Deep learning researchers started eyeing natural language processing, an AI research field concerned with human-machine interaction with languages. It was, however, a difficult challenge.

“When neural networks first came out, it’s built for image recognition to process inputs with the same dimension of pixels. Sentences are not the same as images.” Lukasz says.

The magic of deep learning did not happen in NLP until Google Brain Researcher Ilya Sutskever, Oriol Vinyals, and Quoc Le proposed sequence-to-sequence learning in their 2014 paper Sequence to Sequence Learning with Neural Networks. It is an end-to-end encoder-decoder architecture built on the recurrent neural network (RNN) and long-term short memory (LSTM) to map the sequential data like texts and documents into a fixed-length vector.

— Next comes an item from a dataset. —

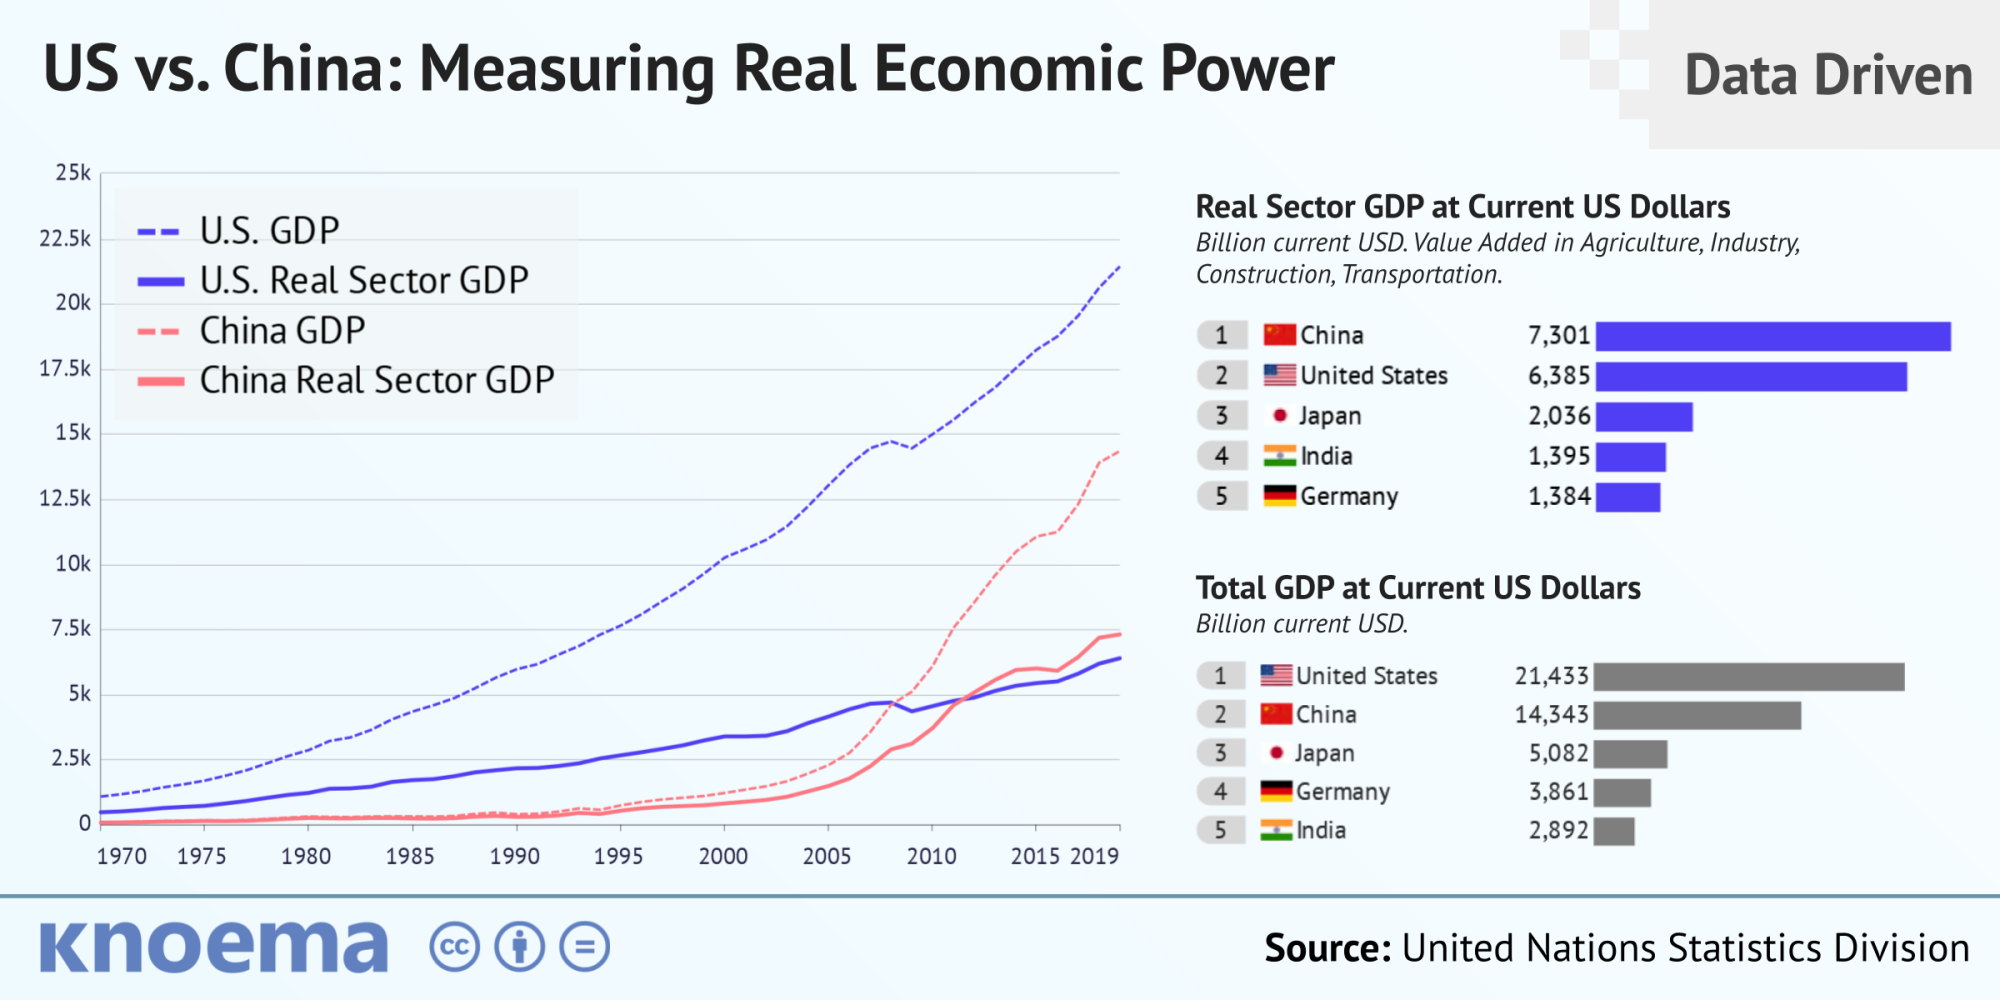 Knoema_Data_Driven_US_China_Real_Economic_Power.png
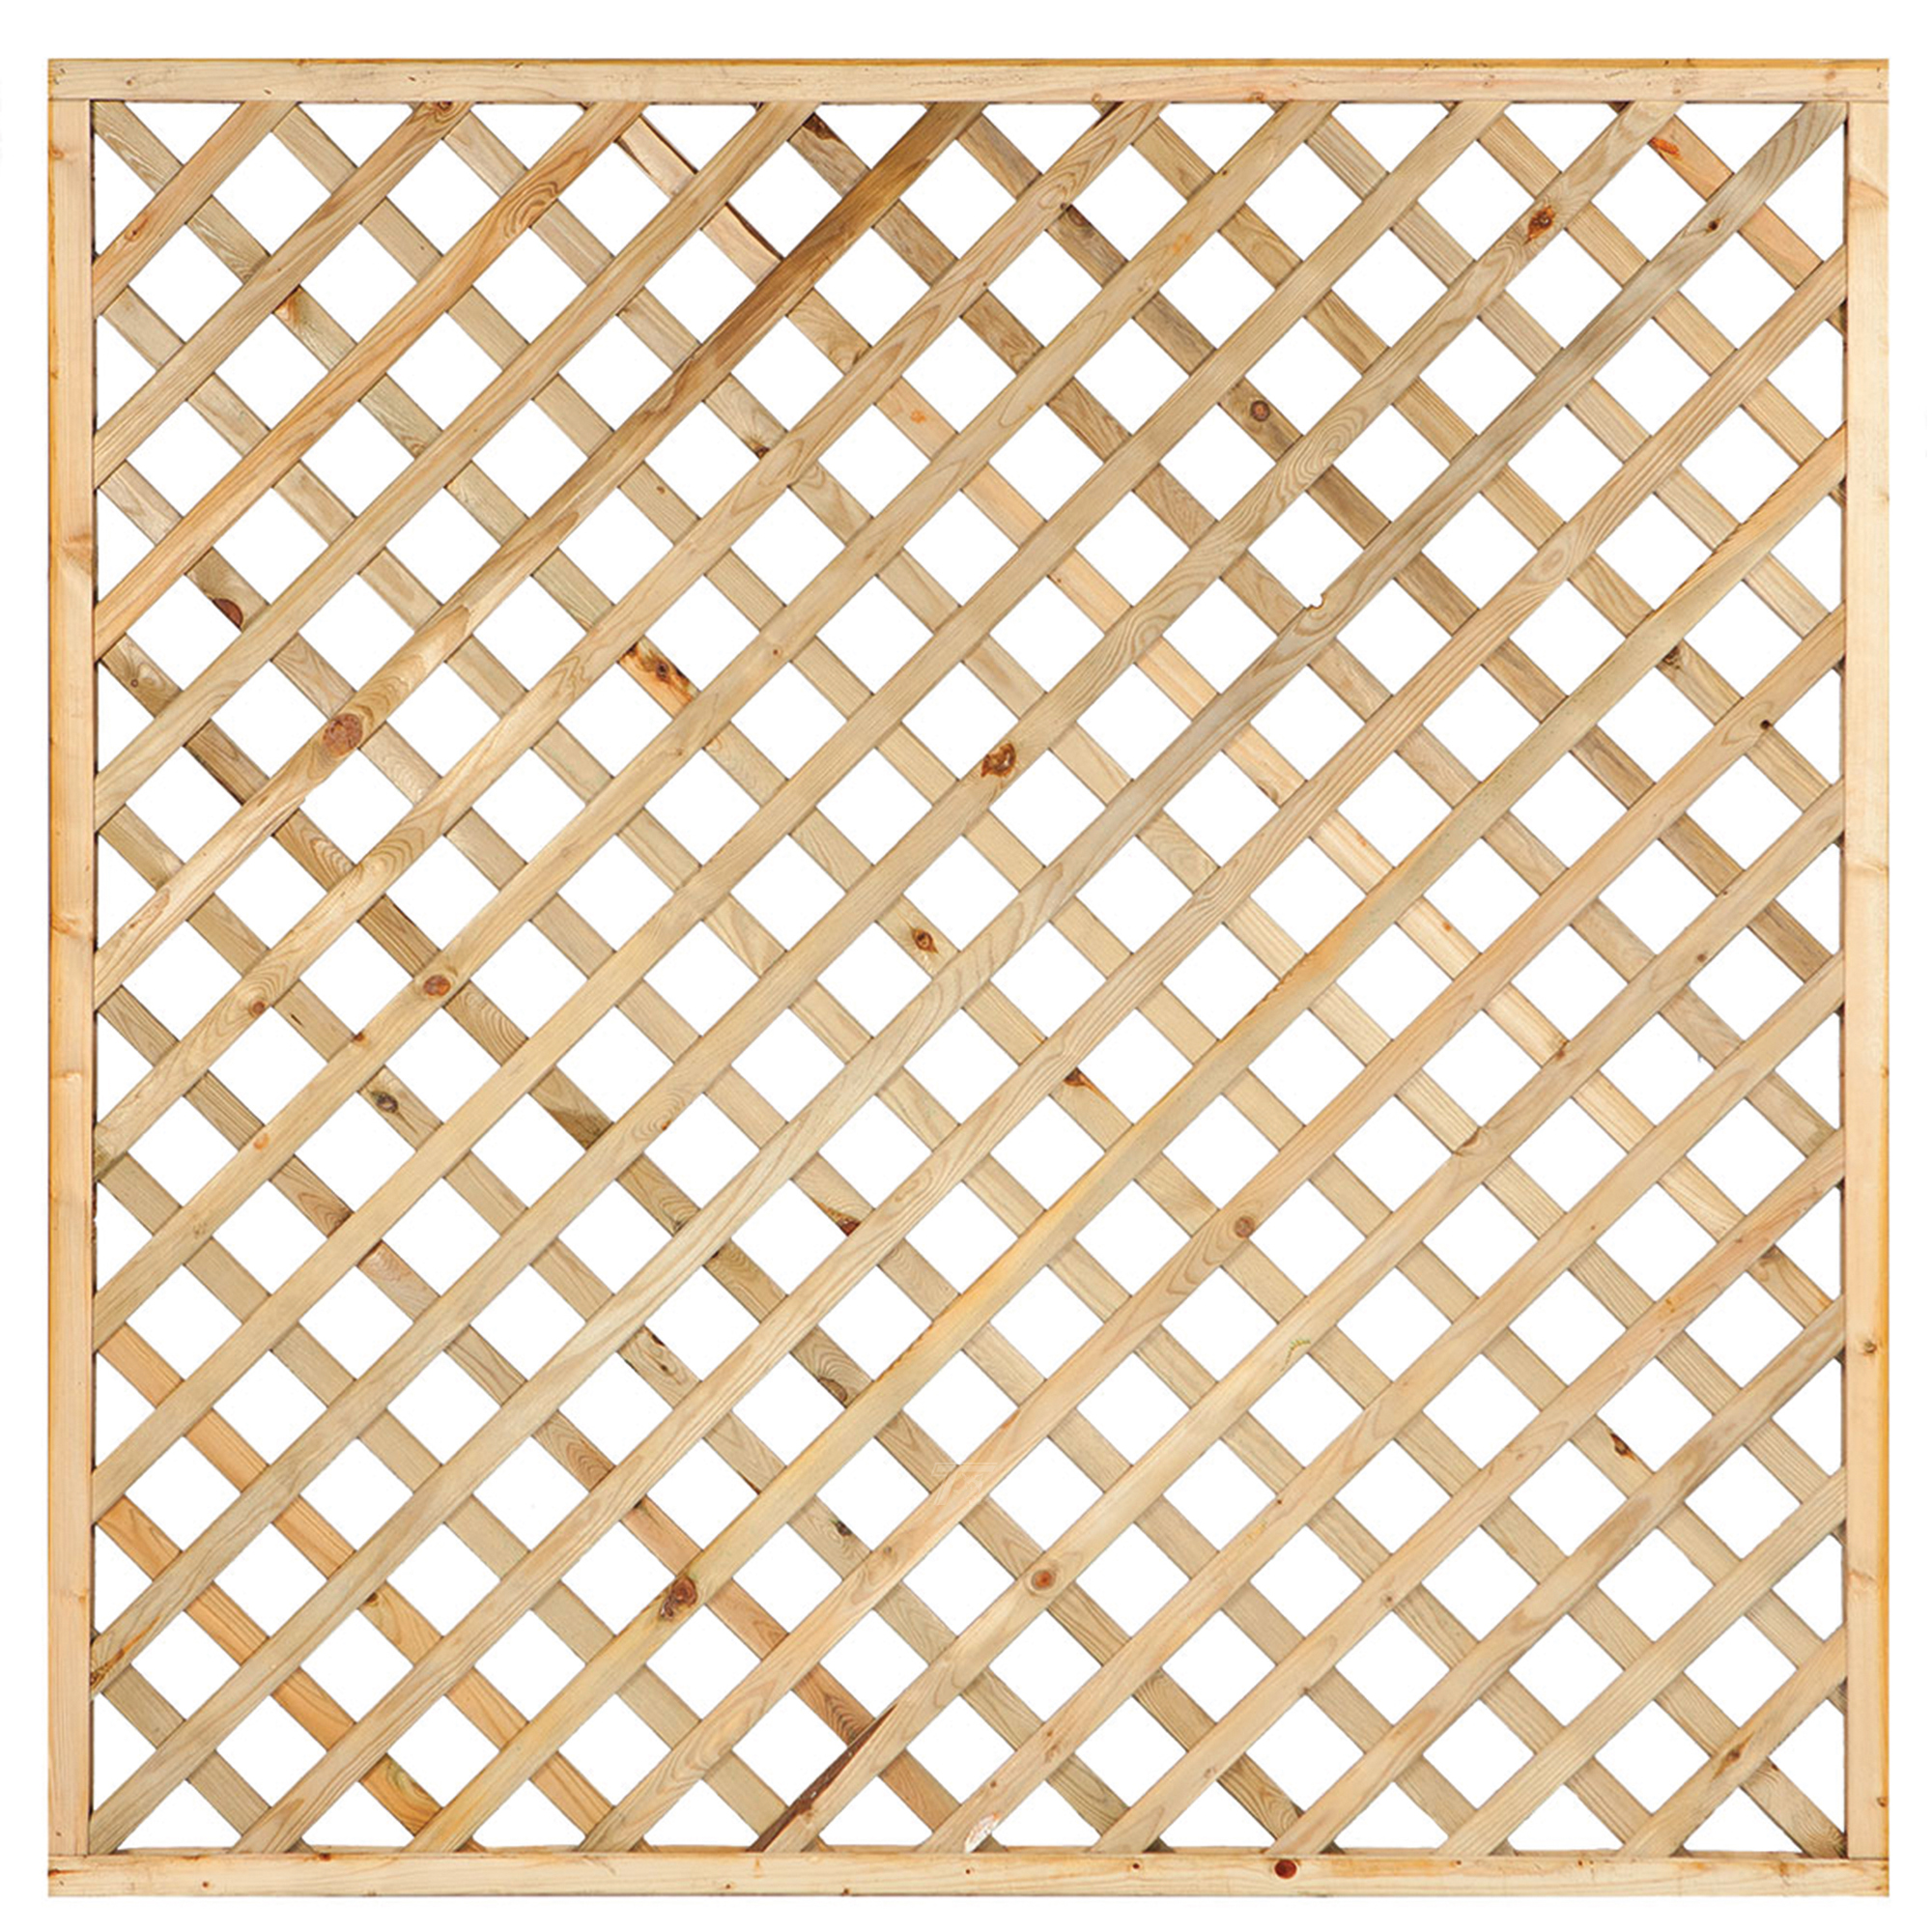 Spalier diagonal mit geradem Rahmen, 60 cm

That means instead of knowing anything about grammars and words, a neural network can be trained only by writing sequences — as long as the network has enough training data. Below is an example of converting the parse tree into a sequence.

However, the model was far from ideal: The model worked poorly when it was trained on standard human-annotated parsing datasets like 1M tokens, and plagued with issues like data inefficiency.

Three months after the seq2seq learning paper was published, Kaiser and his Google Brain fellows took a step forward by proposing an attention-enhanced seq2seq learning model, which achieves state-of-the-art results when it was trained on a large synthetic corpus. The attention mechanism was discovered to be an important extension that let models pay more attention to some keywords of each sentence. As a result, the model can handle long sentences well while delivering the same-level performance with a relatively small dataset. Other approaches for model training on a small dataset without sacrificing the performance could be dropout, confidence penalty and layer normalization.

The result was impressive: The new model trained on a small human-annotated parsing dataset is able to match the performance of a standard parser like BerkeleyParser. When the model was trained on a dataset with only high-confidence parse trees, it achieved an F1 score of 92.5 on section 23 of the WSJ — a new state-of-the-art.

The Sutskever and Kaiser’s research laid the groundwork for the Google Neural Machine Translation (GNMT), which is an end-to-end learning system for automated translation. Launched in September 2016, Google Translation began using NMT in preference to statistical methods. It improves the quality of translation by learning from millions of examples. Today, Google Translate can support over 100 languages.

So how good is Google Translate? On the WMT’14 English-to-French and English-to-German benchmarks, GNMT achieves competitive results to state-of-the-art. Using a side-by-side human evaluation on a set of separate simple sentences, it reduces translation errors by an average of 60% compared to Google’s phrase-based production system.

Attention is all you need

The encoder-decoder architecture based on recurrent neural network or convolutional neural network has long dominated the way of building sequence models. But there are two problems with it: The sequential nature of the recurrent neural network makes parallel computing impossible and increases computational costs and training time; It is difficult to learn dependencies between distant positions.

“When I go to see my old friends, I will start talking to him about things we talked about 20 years ago. I immediately recalled what’s needed there. This thing, which many people called long-term dependencies seems to be like a one really important thing to tackle,” said Kaiser.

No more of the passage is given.